- Task to carry out
Transcribe all of the data verbatim, please, and leave out its pictures.

== Collected material

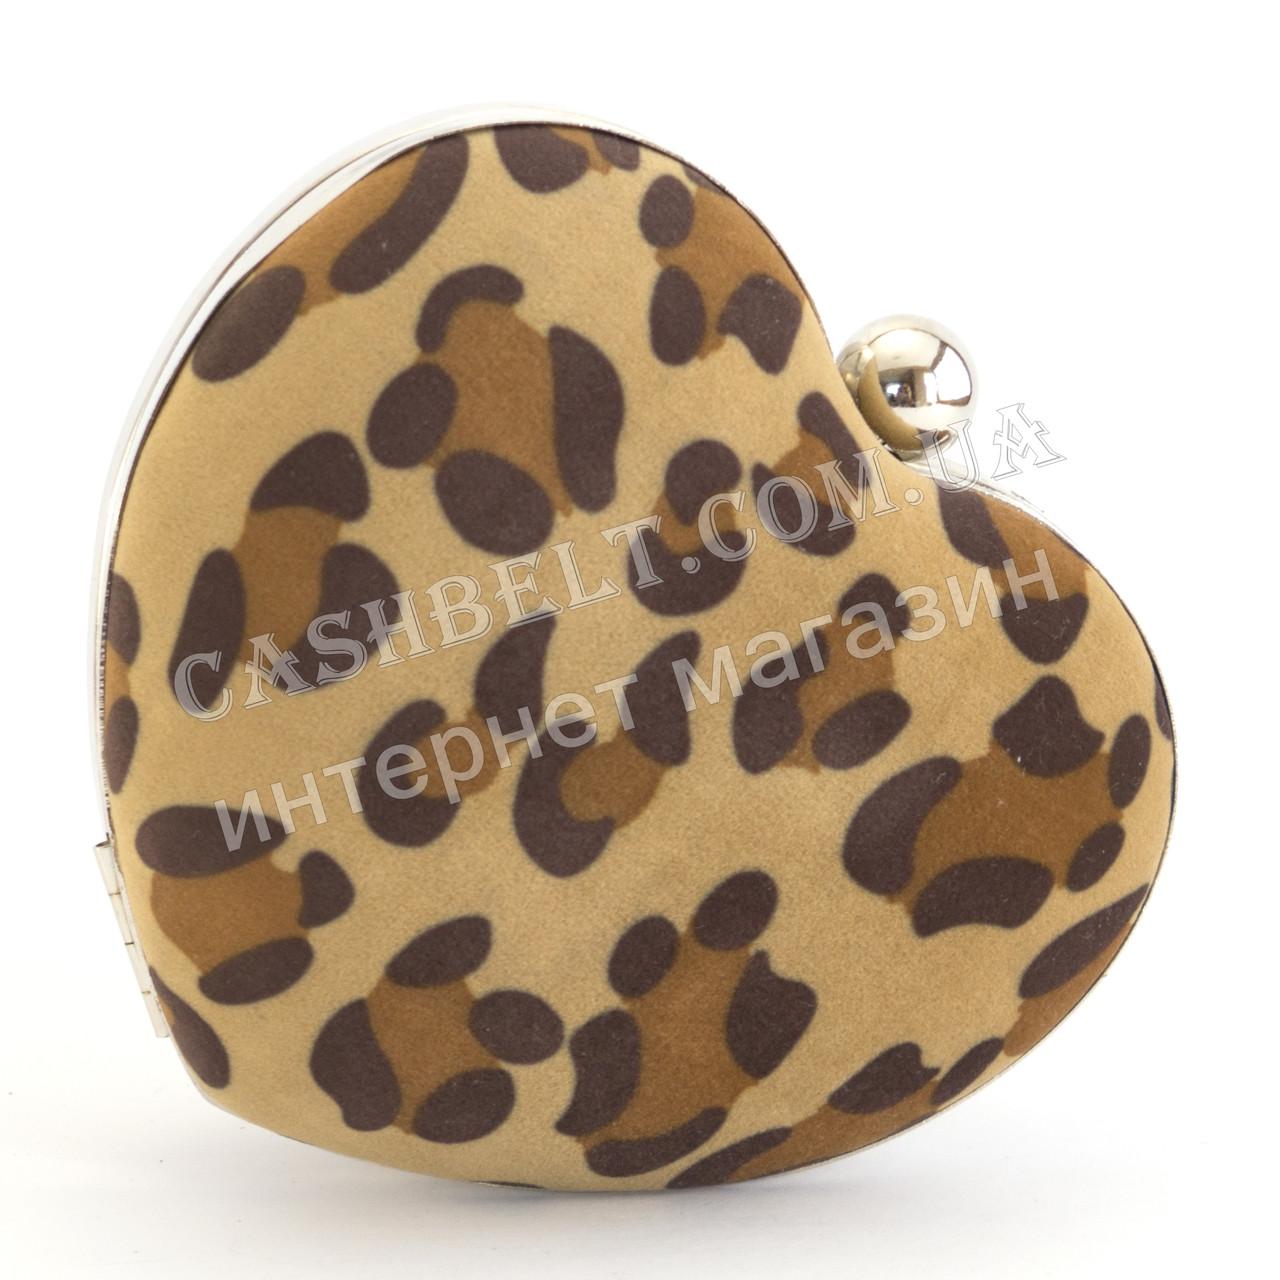 Маленький клатч в форме сердца с тканевой обивкой леопардового узора ROSE HEART art. 10304
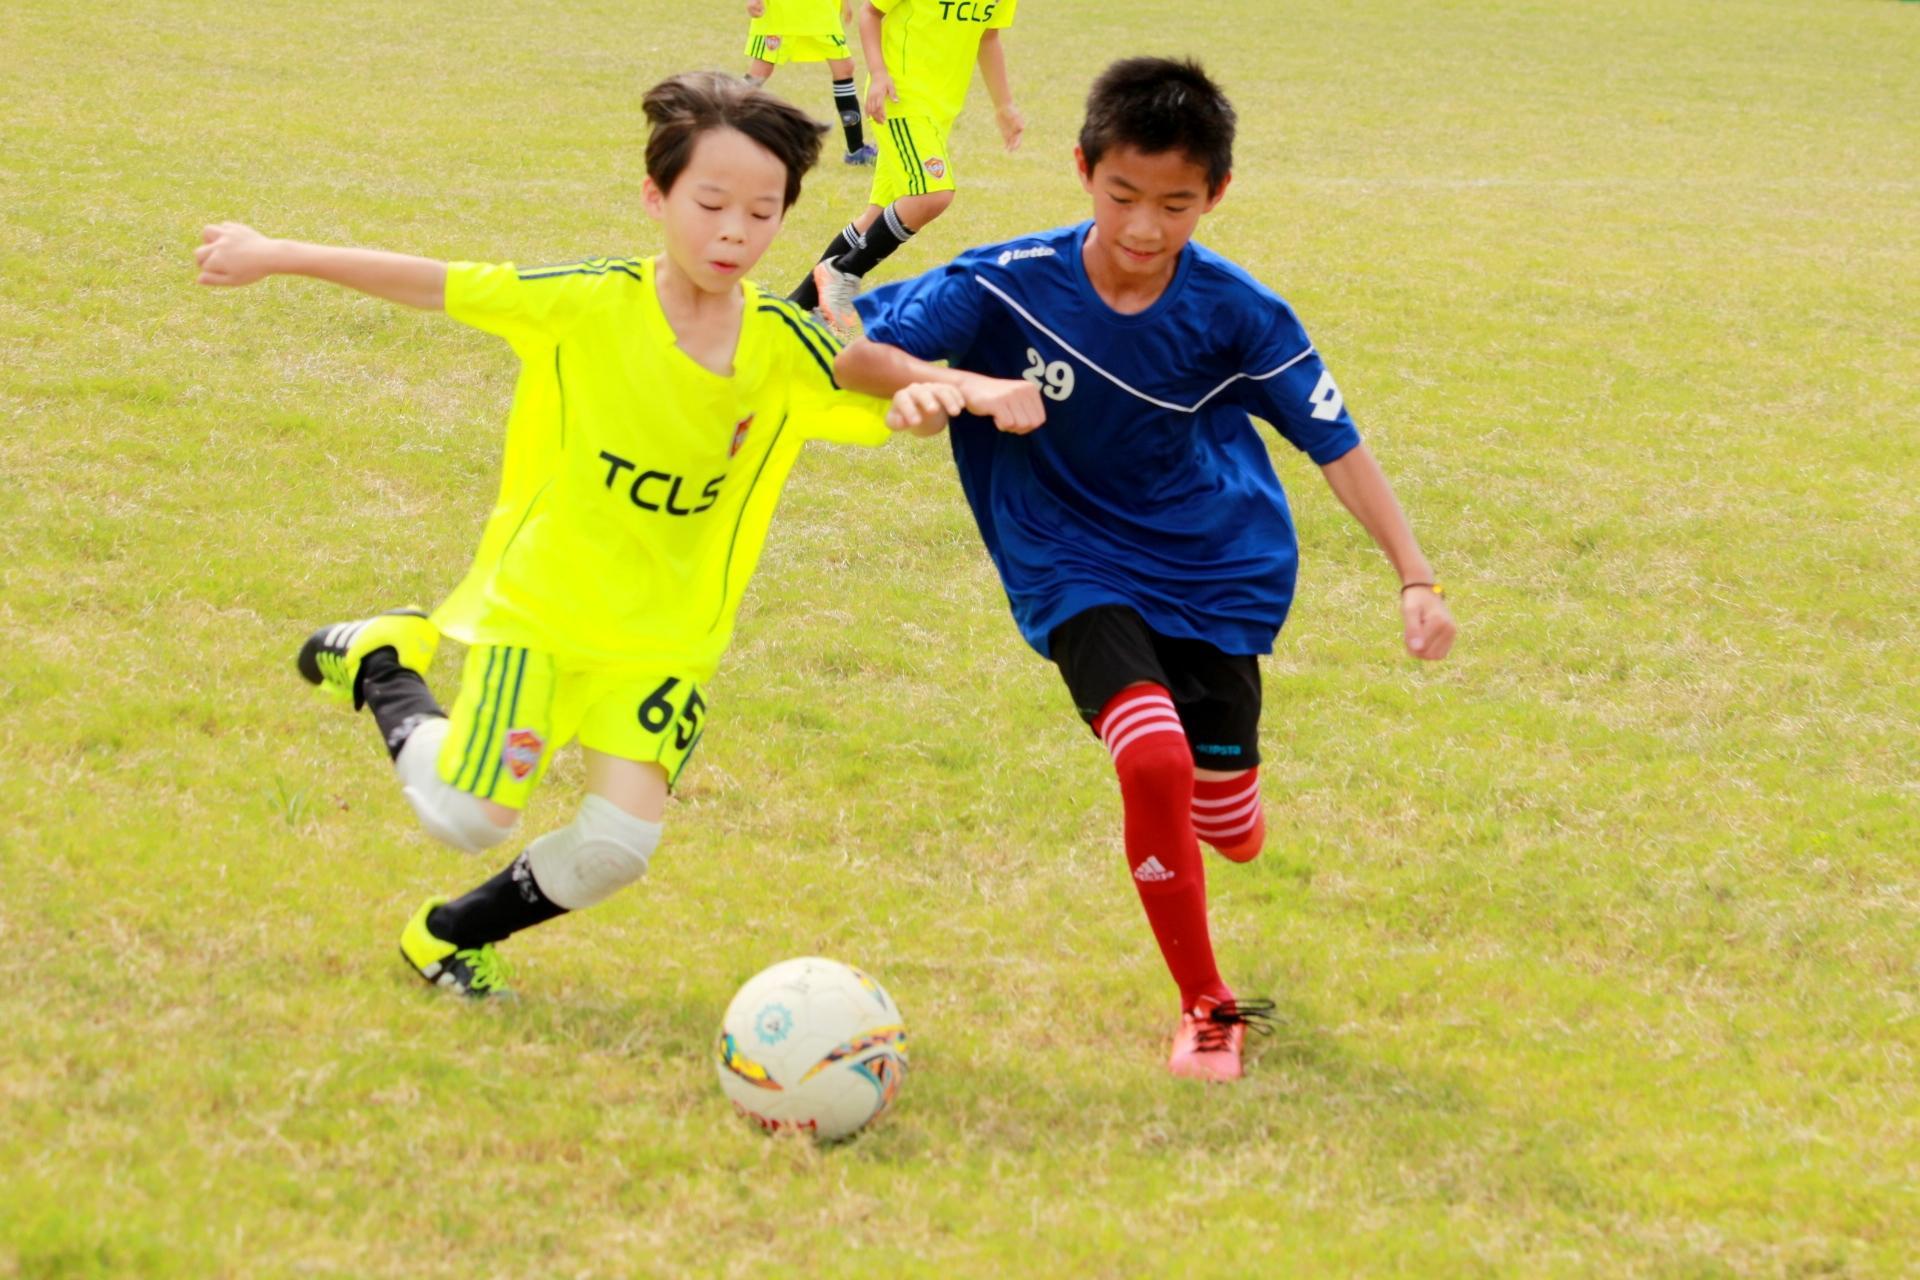 2016中原大學桂冠超級盃少年足球賽開打 推動全民健康樂活的運動精神
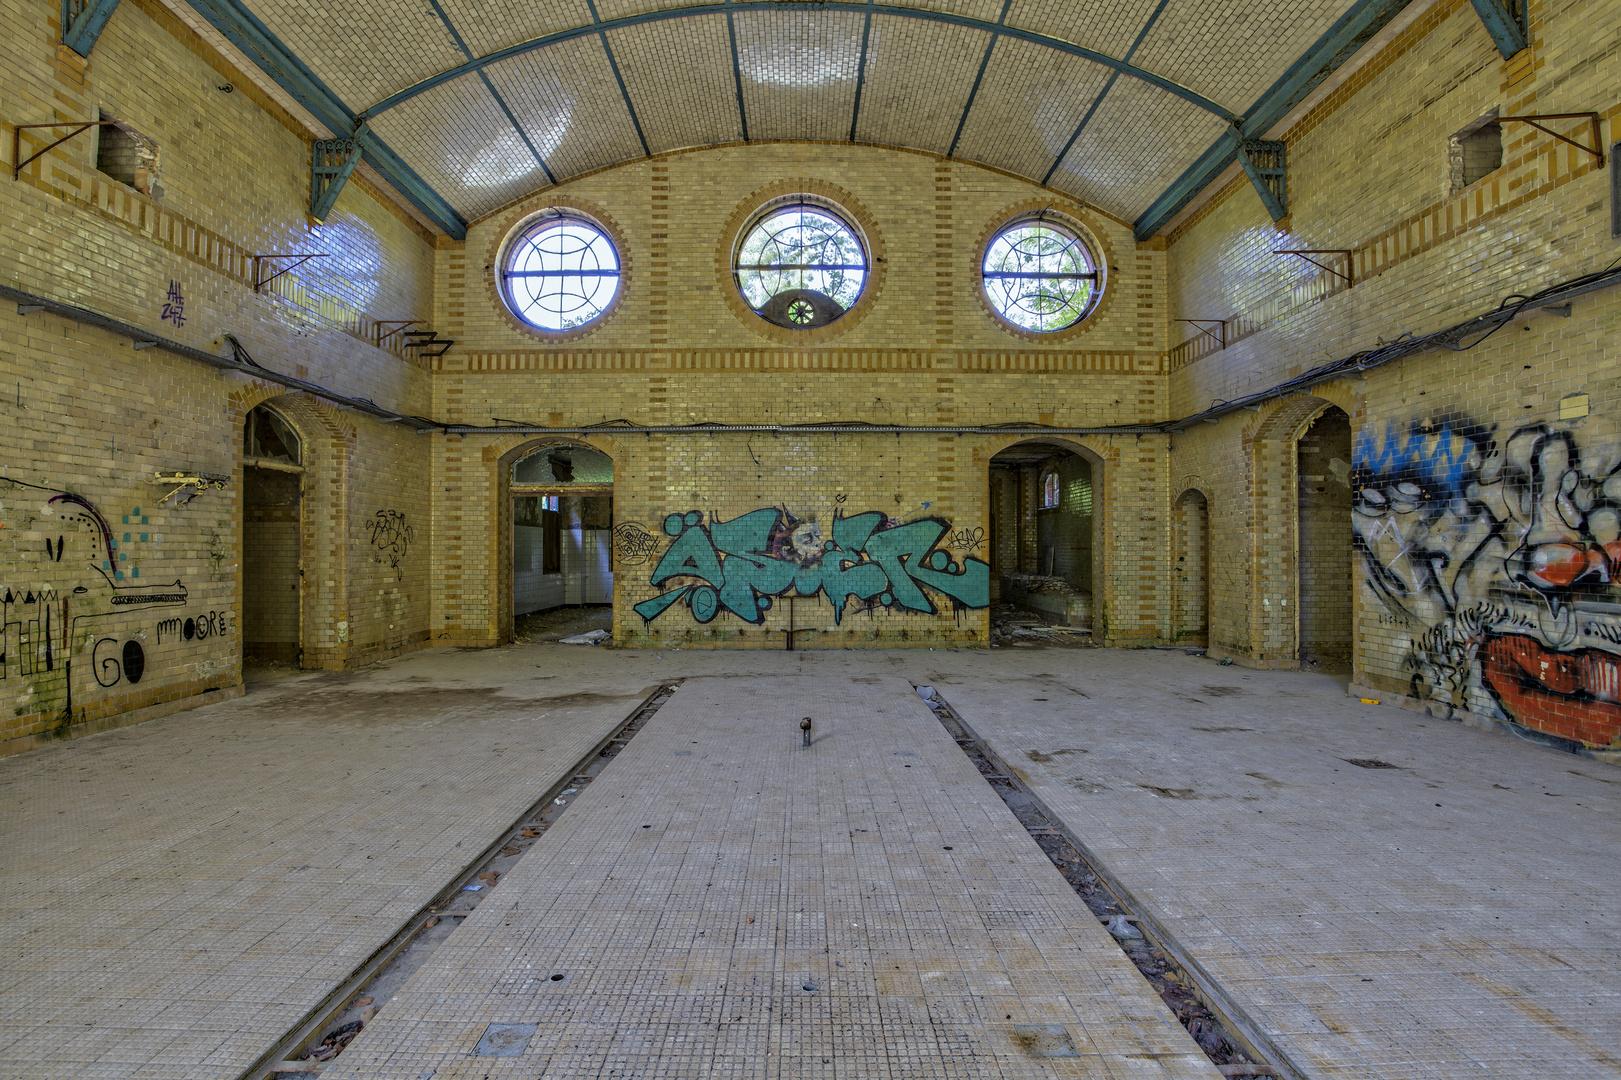 Beelitz Heilstätten - Frauensanatorium (74)
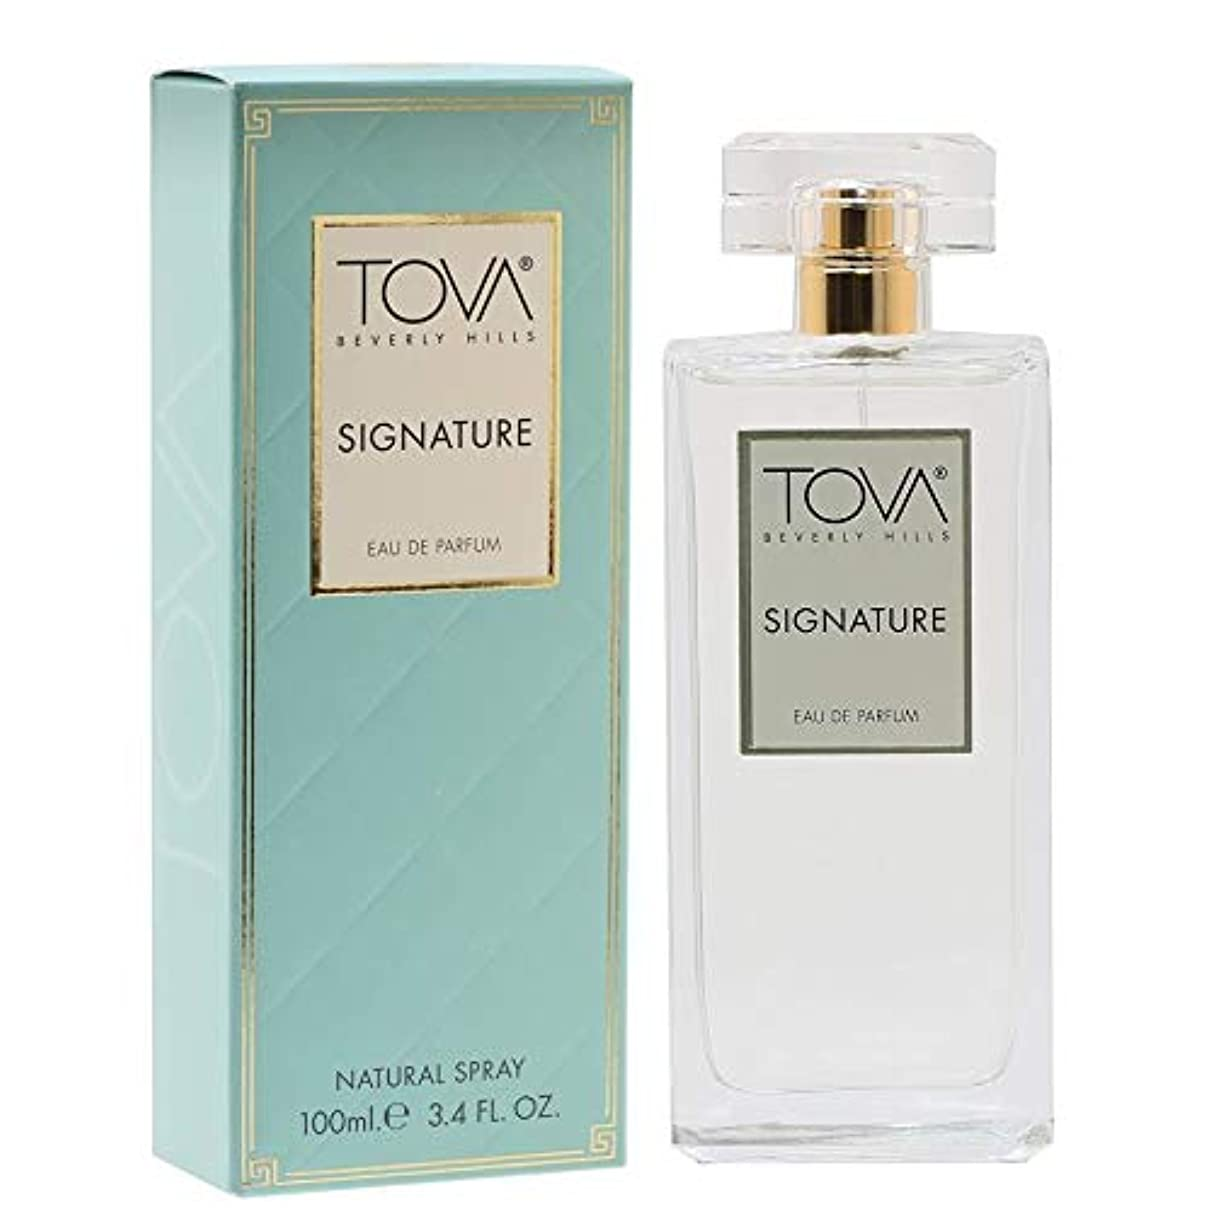 ヒロイック樹木伝染性のTova Signature Fragrance (トヴァ シグネチャ- フレグランス) 3.4 oz (100ml) EDP Spray (New Package 新デザイン)

====

- Task response
 Маленький клатч в форме сердца с тканевой обивкой леопардового узора ROSE HEART art. 10304
 2016中原大學桂冠超級盃少年足球賽開打 推動全民健康樂活的運動精神
 Beelitz Heilstätten - Frauensanatorium (74)
 ヒロイック樹木伝染性のTova Signature Fragrance (トヴァ シグネチャ- フレグランス) 3.4 oz (100ml) EDP Spray (New Package 新デザイン)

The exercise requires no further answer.